> _About this task_
Give the listing again, word for word, and let no picture into it.

> _Dataset excerpt_
--- START ---
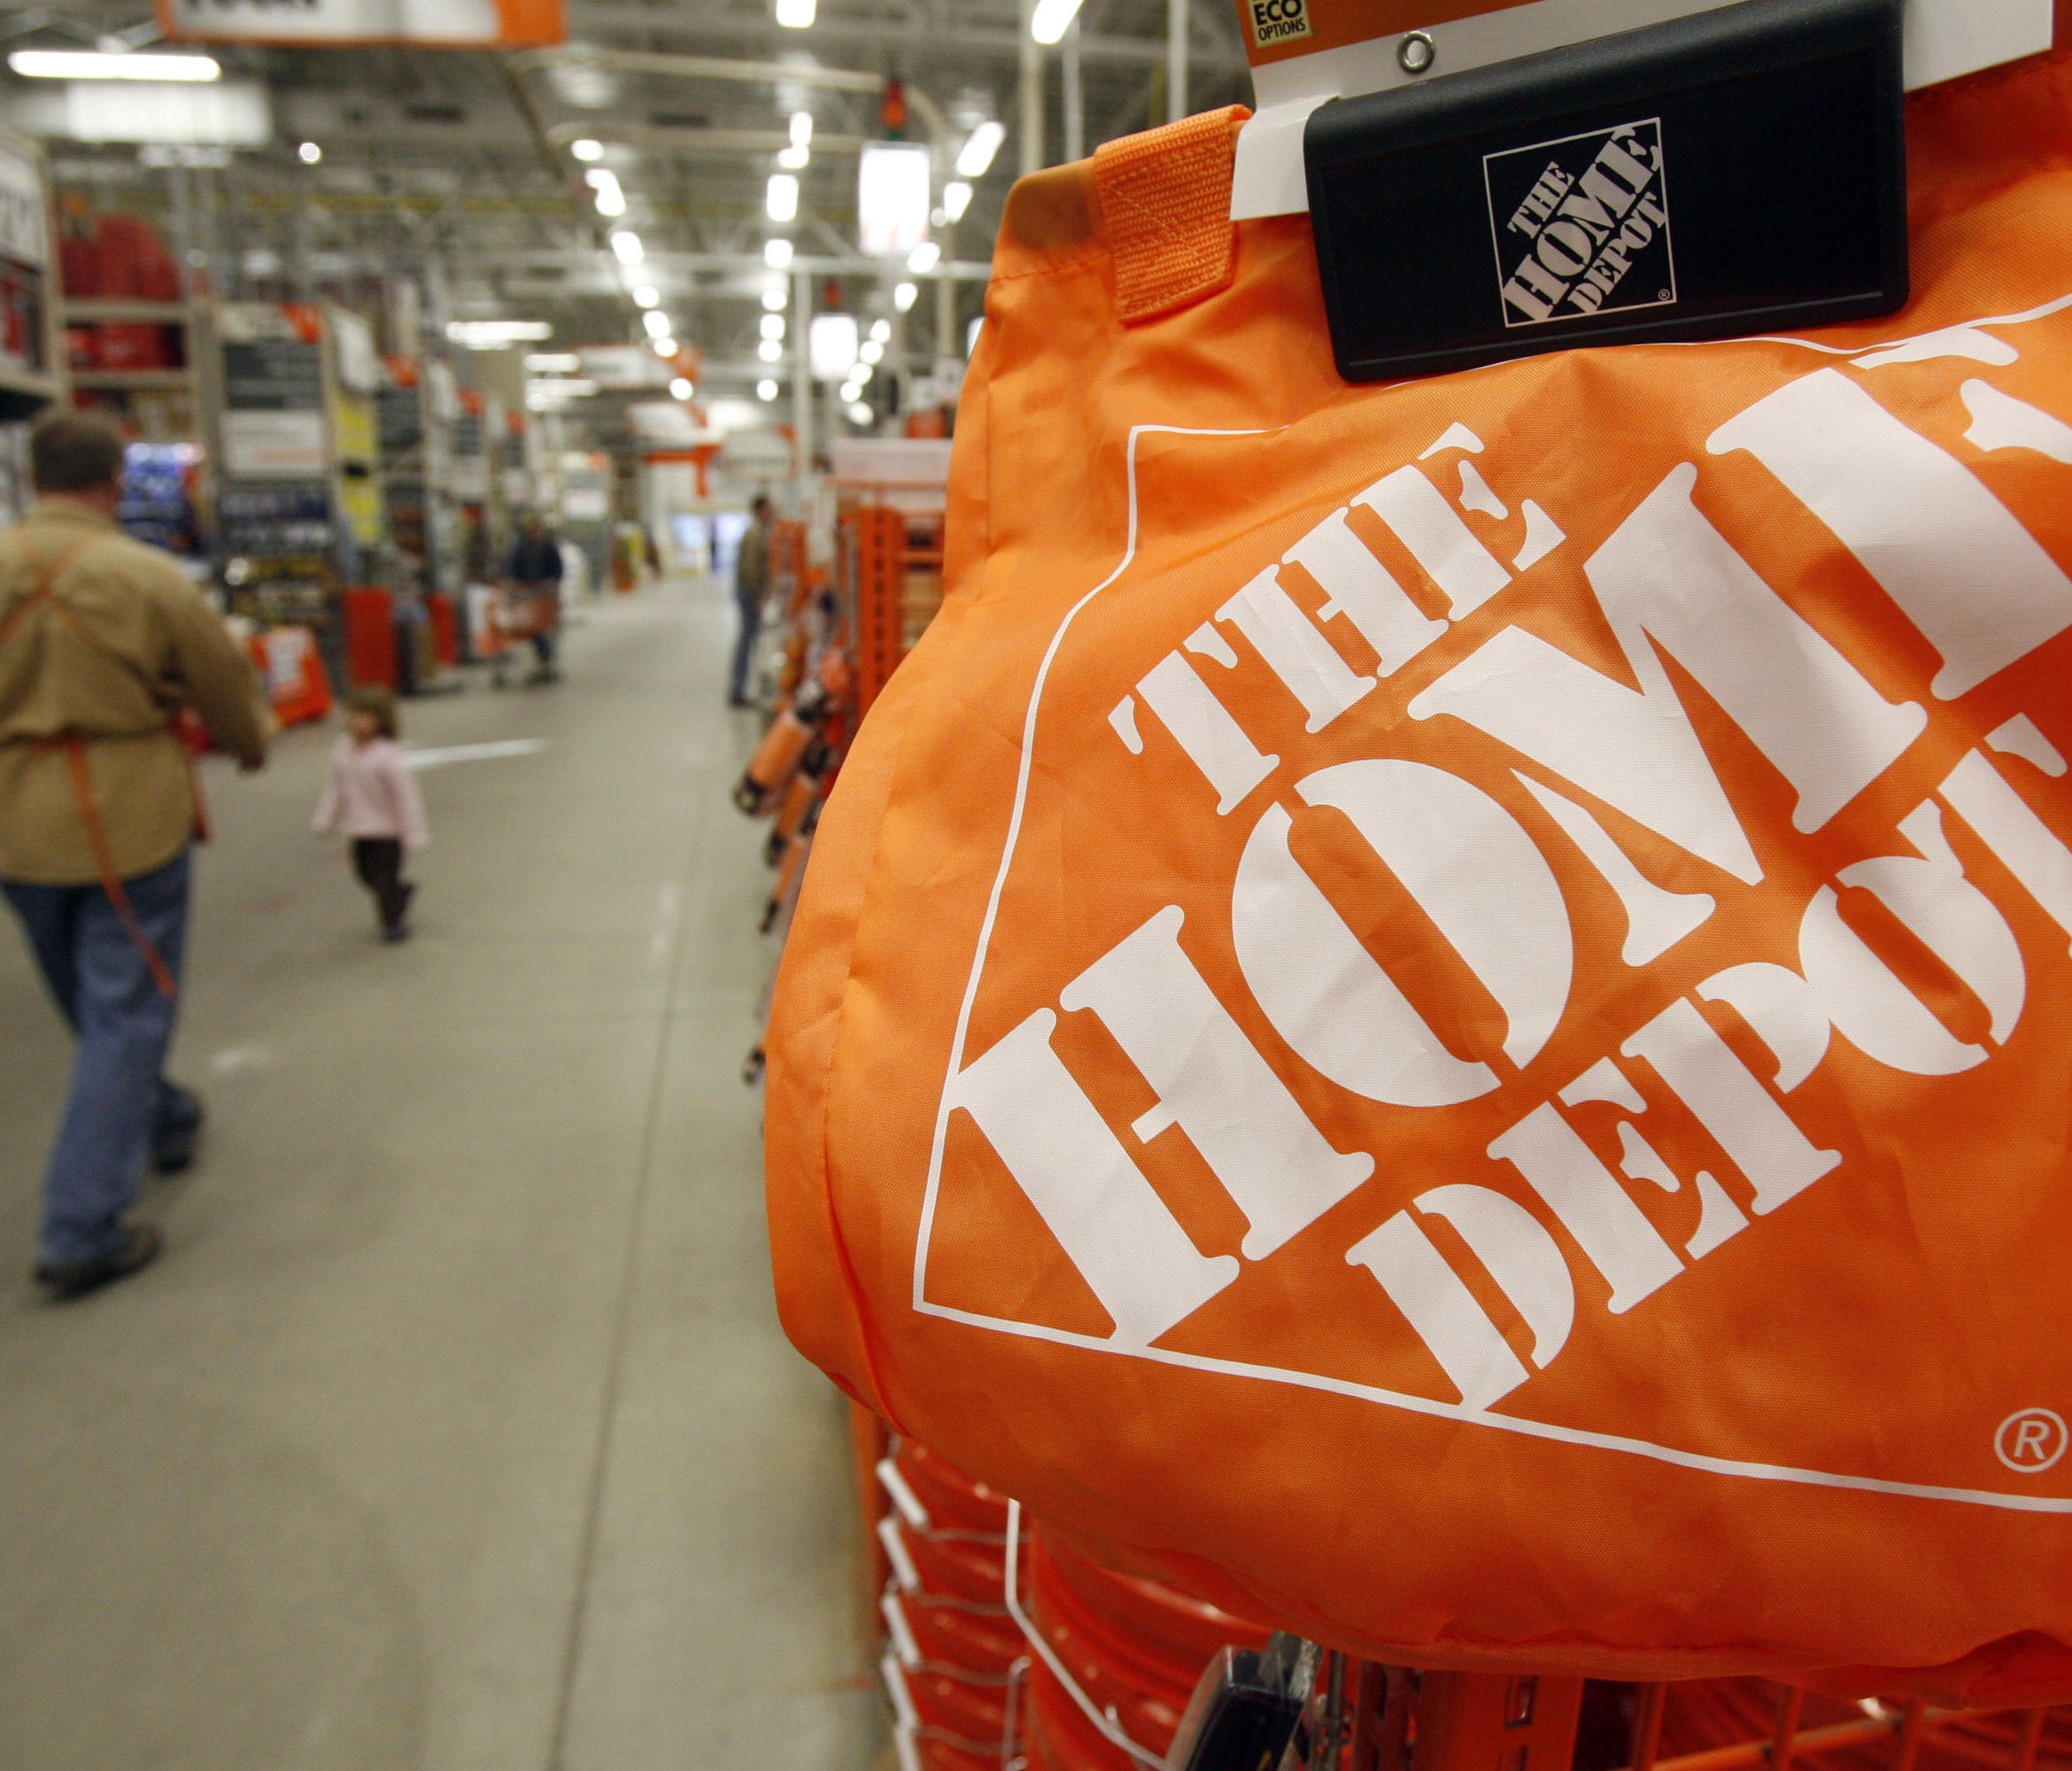 Active-duty military and veterans are eligible for Hone Depot's military discount on Memorial Day.
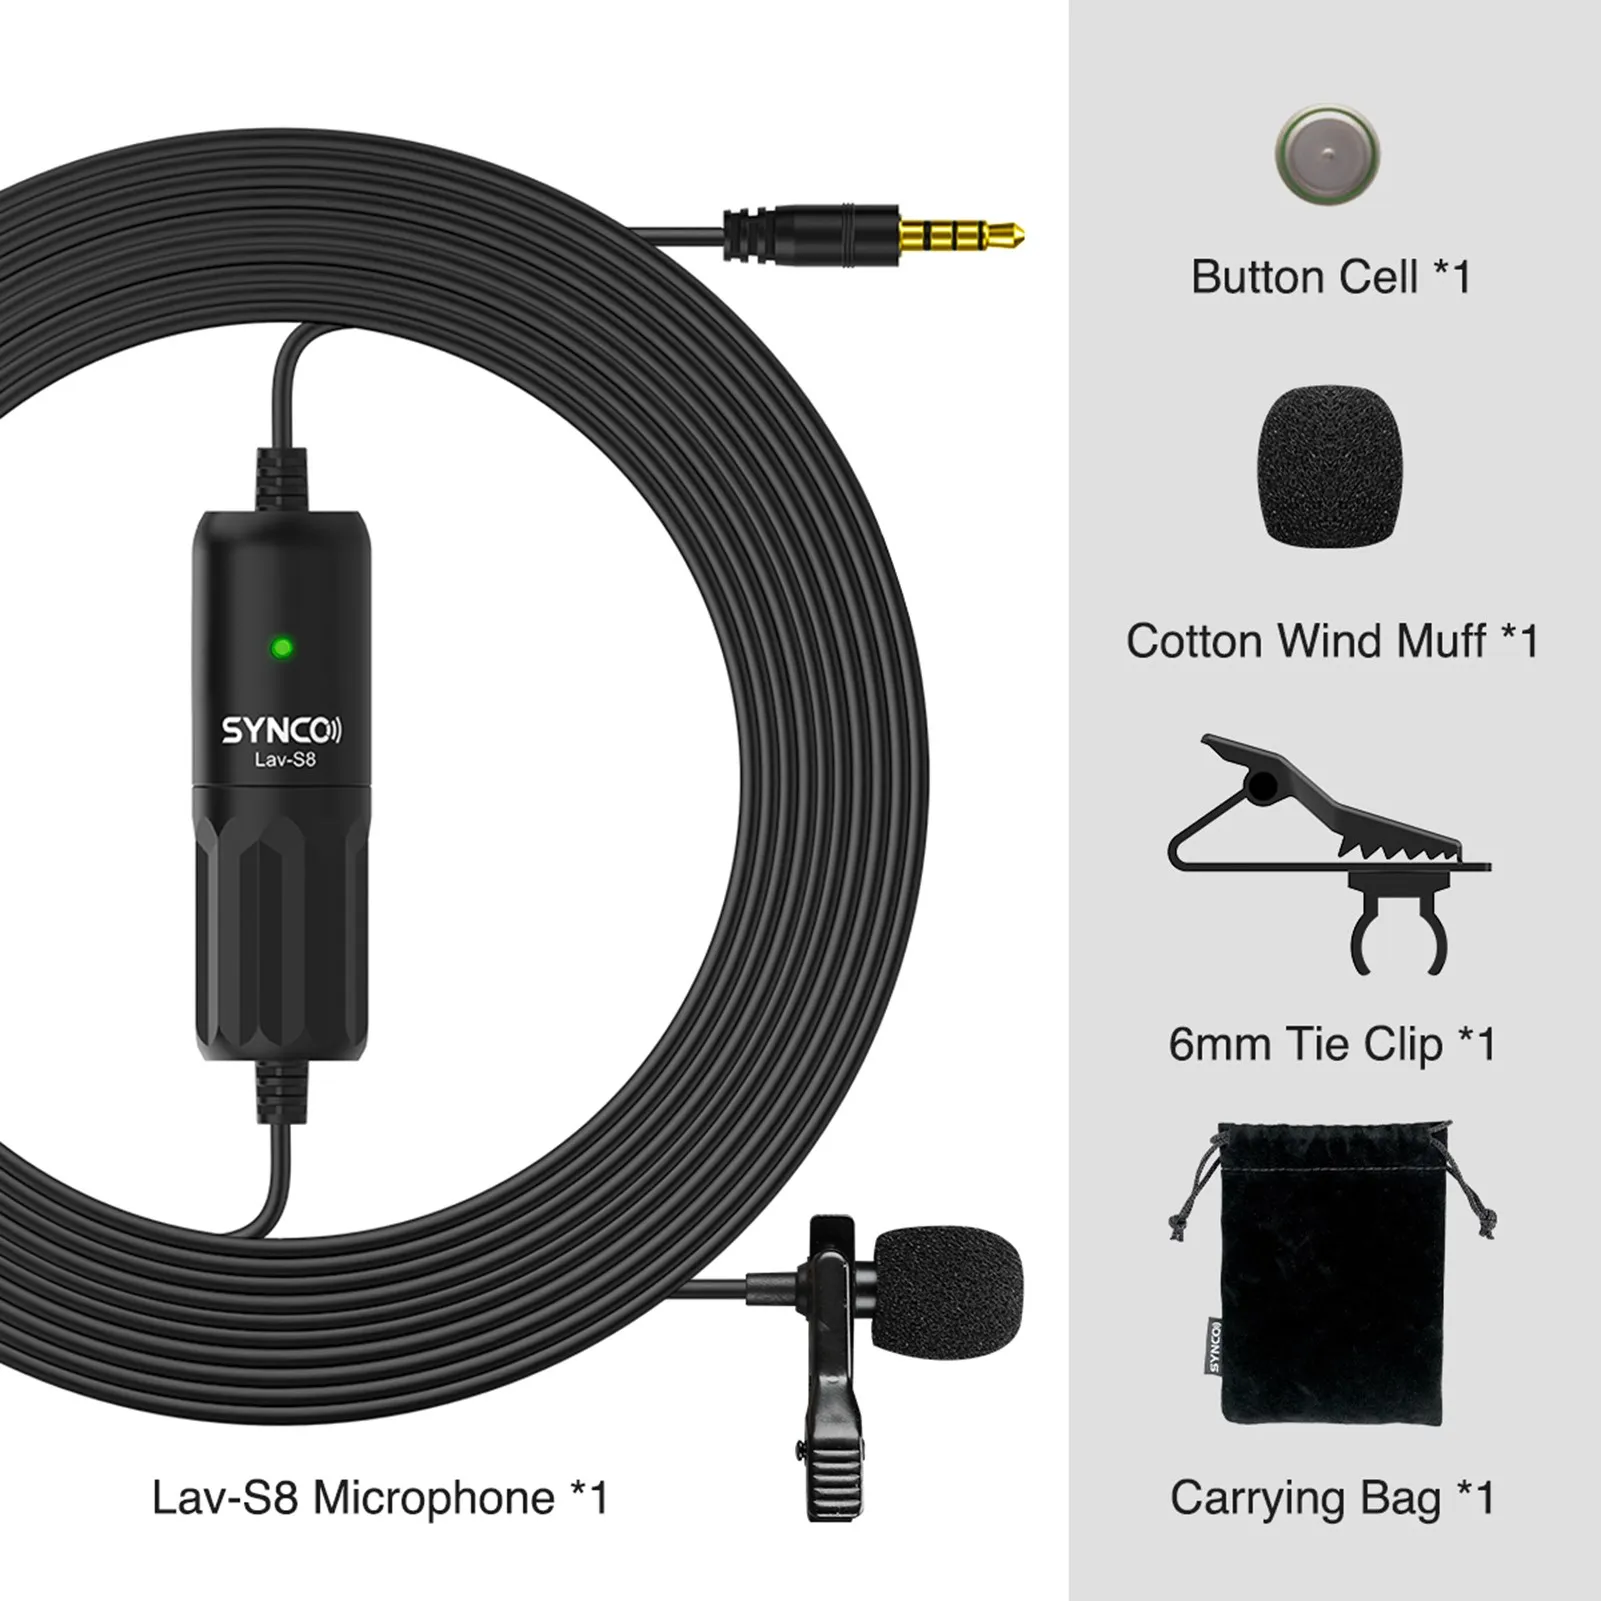 best usb microphone SYNCO LAV-S8 Lapel Microphone Professional 3.5mm TRRS/TRS Wired Audio Lavalier Condensador Microfone Mic VS BOYA BY-M1 Top Gift mics
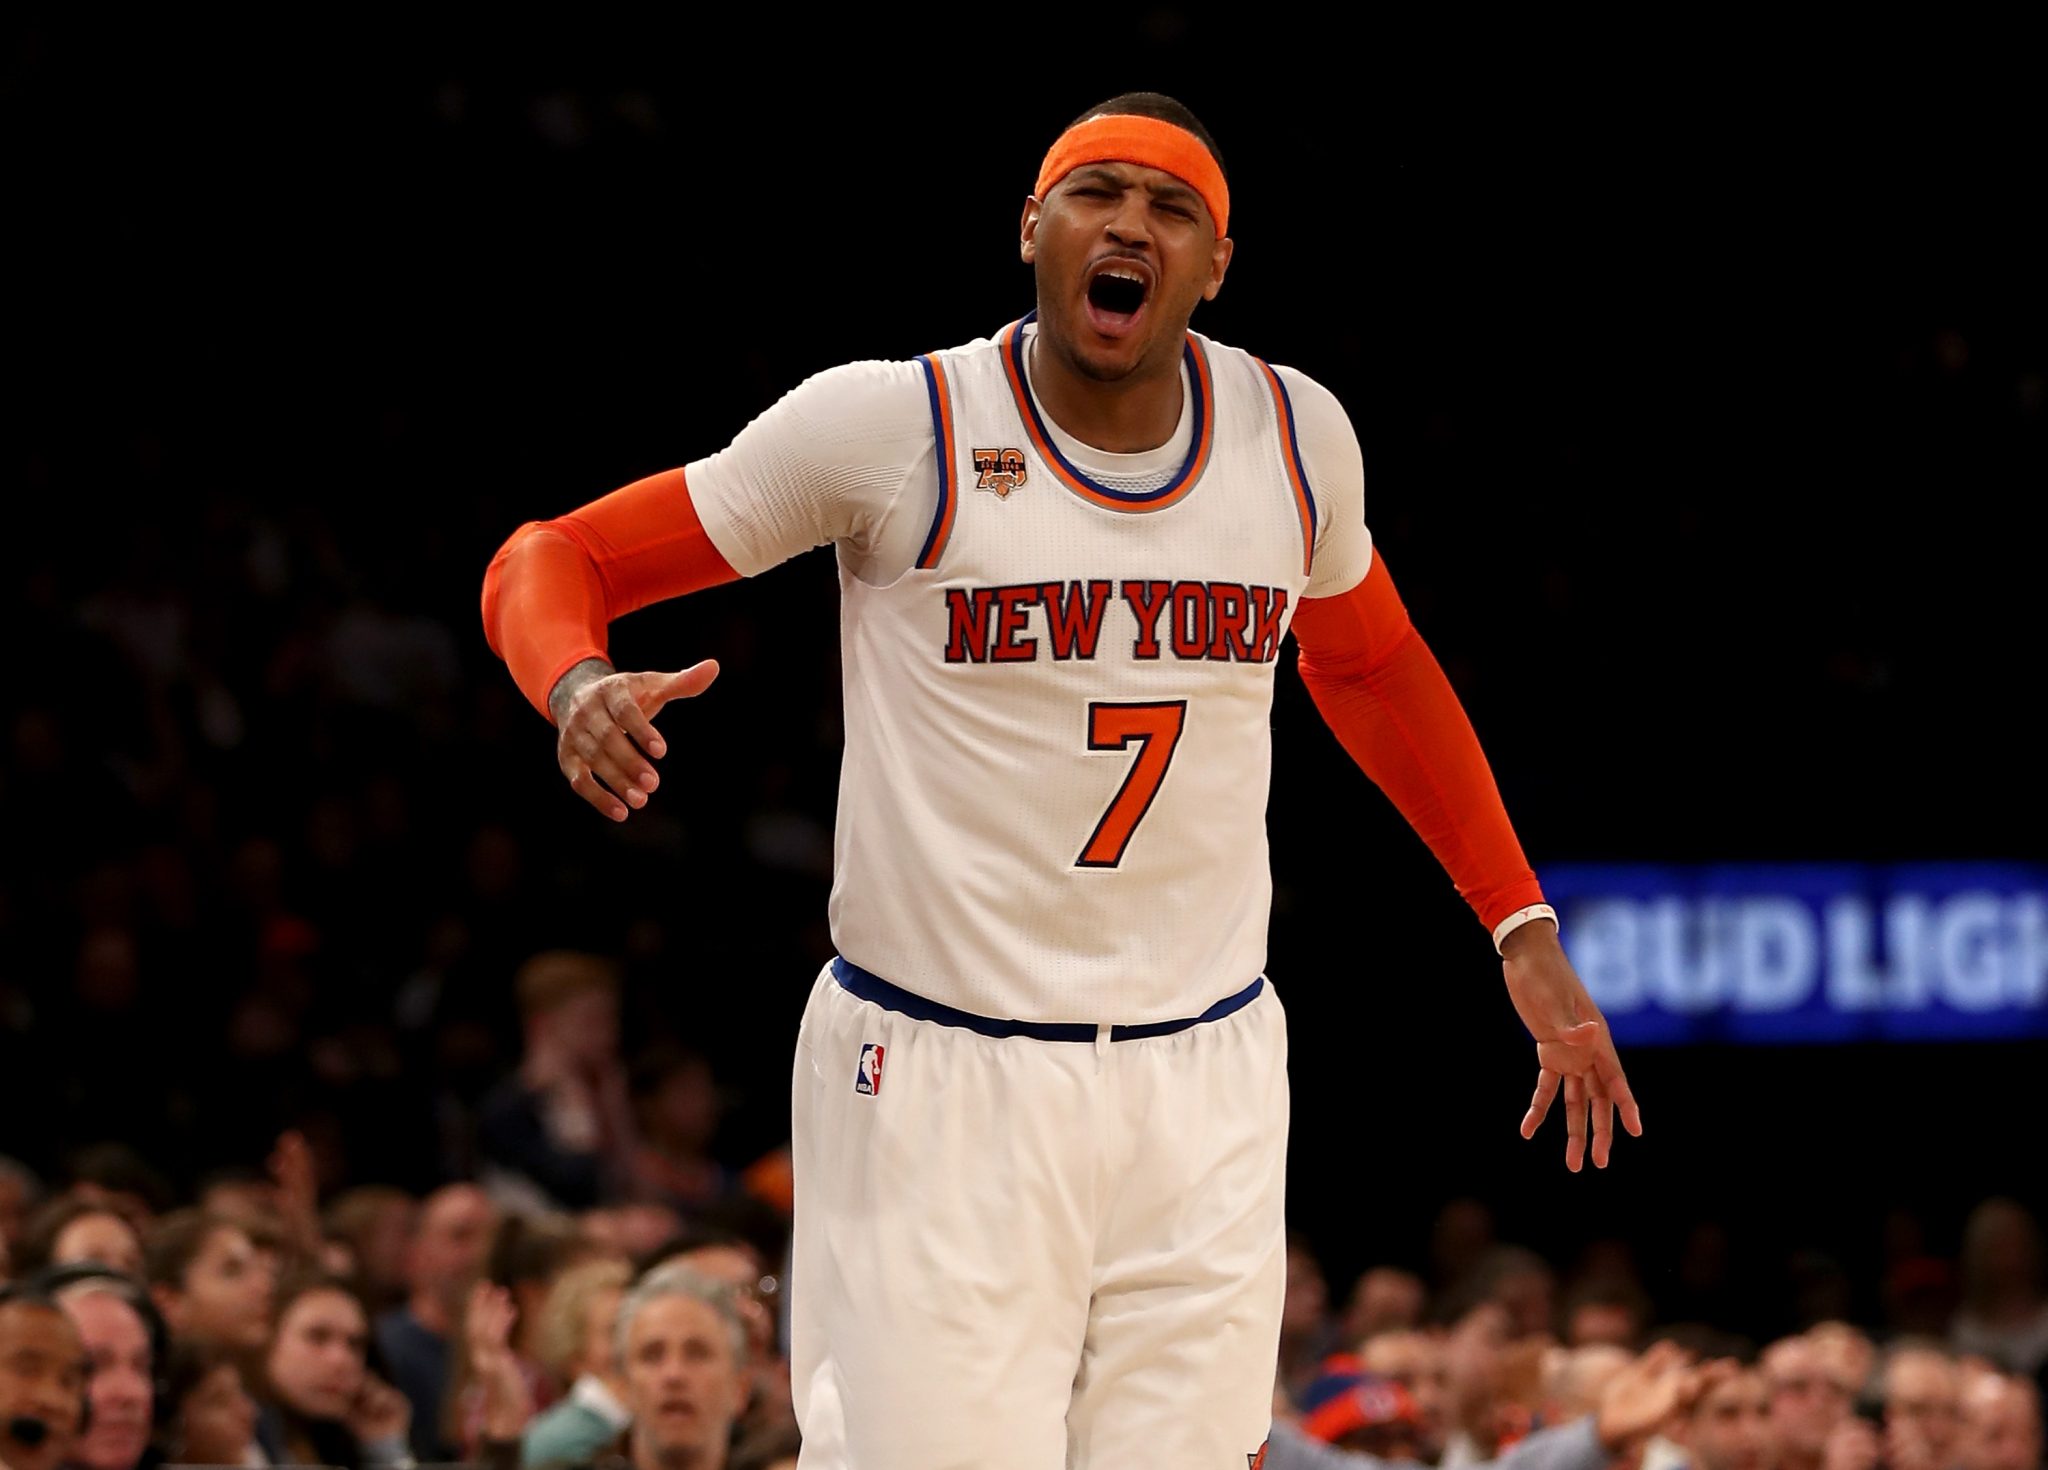 NEW YORK, NY - FEBRUARY 12: Carmelo Anthony #7 of the New York Knicks reacts after he is called for a foul in the fourth quarter against the San Antonio Spurs at Madison Square Garden on February 12, 2017 in New York City. NOTE TO USER: User expressly acknowledges and agrees that, by downloading and or using this Photograph, user is consenting to the terms and conditions of the Getty Images License Agreement   Elsa/Getty Images/AFP
--- END ---
> _Response for this exercise_
 Active-duty military and veterans are eligible for Hone Depot's military discount on Memorial Day.
 best usb microphone SYNCO LAV-S8 Lapel Microphone Professional 3.5mm TRRS/TRS Wired Audio Lavalier Condensador Microfone Mic VS BOYA BY-M1 Top Gift mics
 NEW YORK, NY - FEBRUARY 12: Carmelo Anthony #7 of the New York Knicks reacts after he is called for a foul in the fourth quarter against the San Antonio Spurs at Madison Square Garden on February 12, 2017 in New York City. NOTE TO USER: User expressly acknowledges and agrees that, by downloading and or using this Photograph, user is consenting to the terms and conditions of the Getty Images License Agreement   Elsa/Getty Images/AFP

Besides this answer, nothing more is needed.